Back to the summer of 2000, I had deemed myself an adult with a university education, and decided that I was going to treat myself to a perm. I, like Felicity, was going to have messy, sexy curls. Or so I thought. I booked my appointment, and told the receptionist I wanted a perm. "A perm?" she asked. "A perm," I said confidently, sure she was only questioning it because I'd never asked for one before.

I couldn't wait for my appointment. And when I got there, both the owner and my stylist were looking at me strangely. "I heard something..." my stylist said. I confirmed it was true. She nodded. "You're sure?" I told her I was. Then she sent me upstairs to wait. Because the girl who was giving me the perm was late. Because she had to GO HOME to get her perm supplies. Because they didn't have any in the salon. Because no one had asked for a perm in years.

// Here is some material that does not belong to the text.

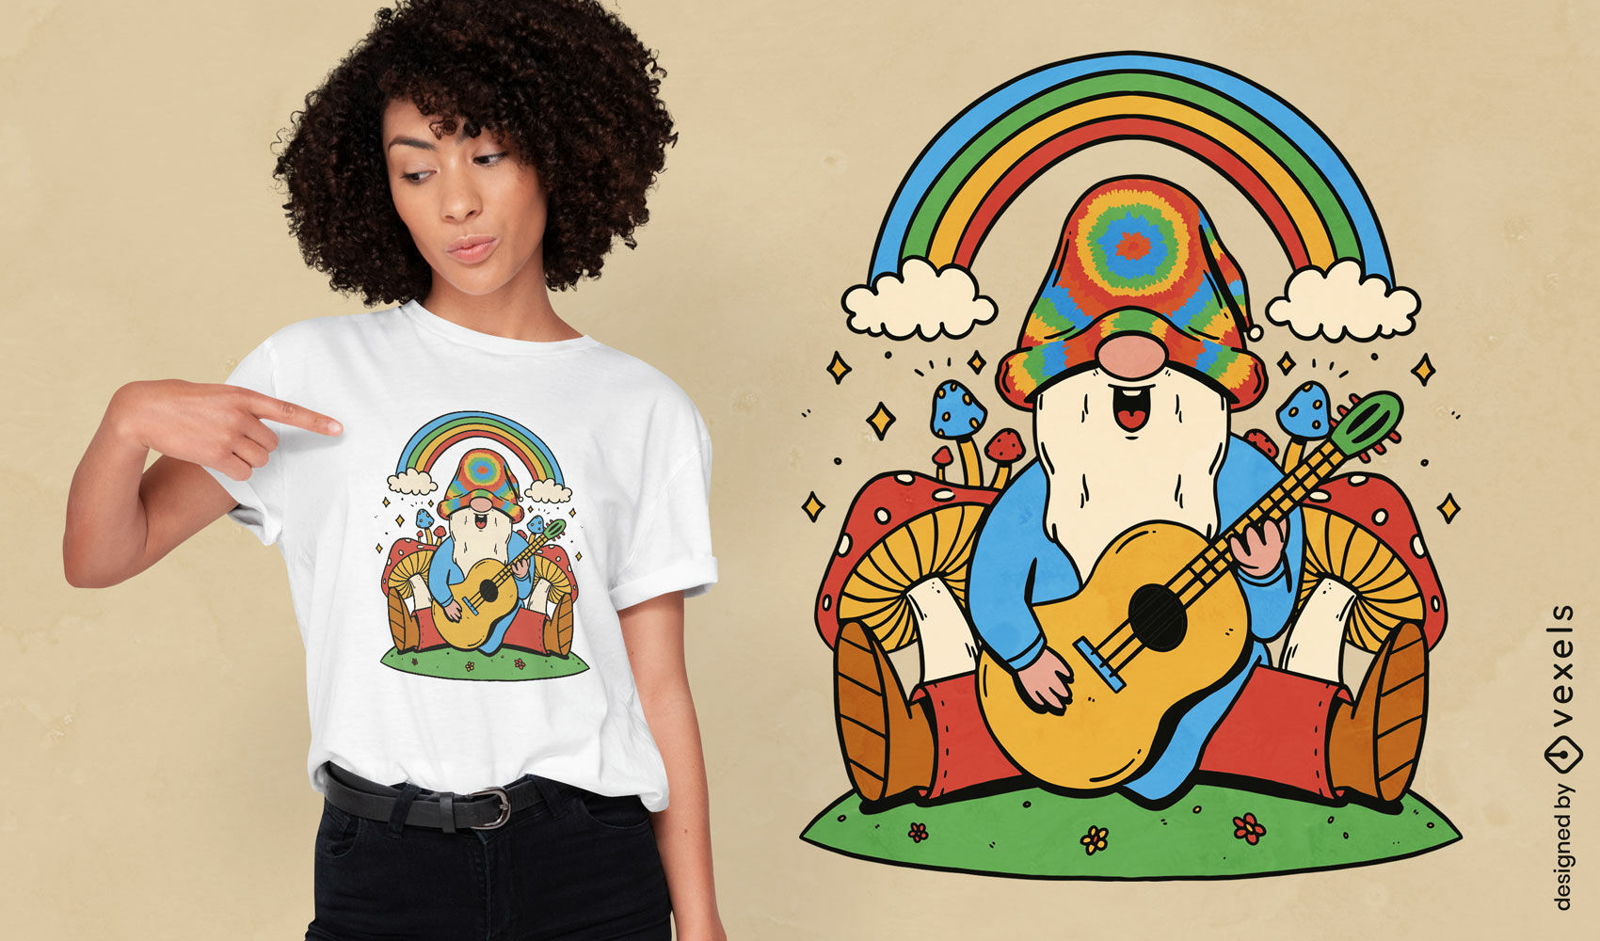 Hippie playing guitar t-shirt design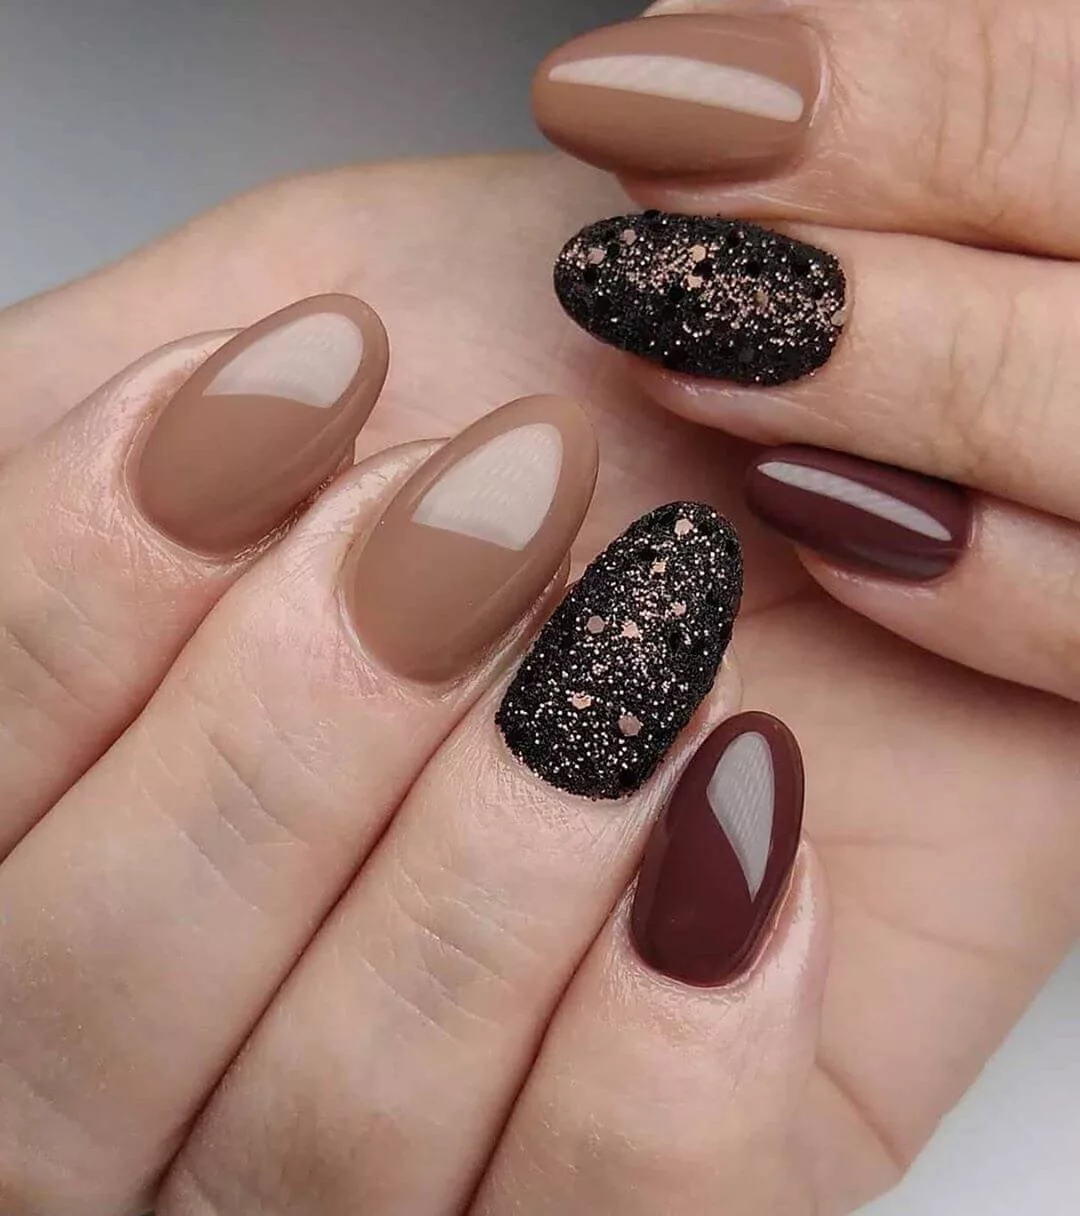 2022 nails Marble Nails Glamorous Xtendos Nails Luxury nails Stiletto nails Rose Quartz Press on nails Classy

I loved my perm, and for weeks I had the sexy messy curls I wanted. Then, as warned, the perm grew out and I was left with flat roots. And it got worse, as anyone who's had a perm knows. Eventually I looked like I'd just taken off a tight-knit winter hat that had flattened the hair to my ears, then let it escape wildly into a mess of curls. So I did the only thing I could. I cut off my hair into a bob, which looked horrific. Then, unhappy with the way I looked, I broke up with my boyfriend and my stylist.

So when recently, I became obsessed with Taylor Townsend's hair on The OC, I asked my new stylist to give me bangs. This, after having bangs for 15 years, then growing them out and swearing I would never get bangs again. "Just long, sweepy-to-the-side bangs," I said. Which was MUCH different than straight across, boring bangs.

"You've got a cowlick," he said. "You'll have to really work hard to get your hair to sweep across like that because it won't want to." I looked at my cowlick, furious. I insisted he give me THE BANGS. He nodded, cut my hair, then applied four different hair products, and spent 20 minutes with the blowdryer trying to coax my bangs across my forehead. When he was done, the lock of resisting bangs hung straight down in my eyes. So I did the only thing I could when I got home. I pulled open my "hair" drawer in the bathroom, removed the scissors, placed them safely in my office desk drawer, then pushed the reluctant lock of cowlicked hair back to the side it wanted to be on.

Because sometimes, you've got to learn from your past mistakes.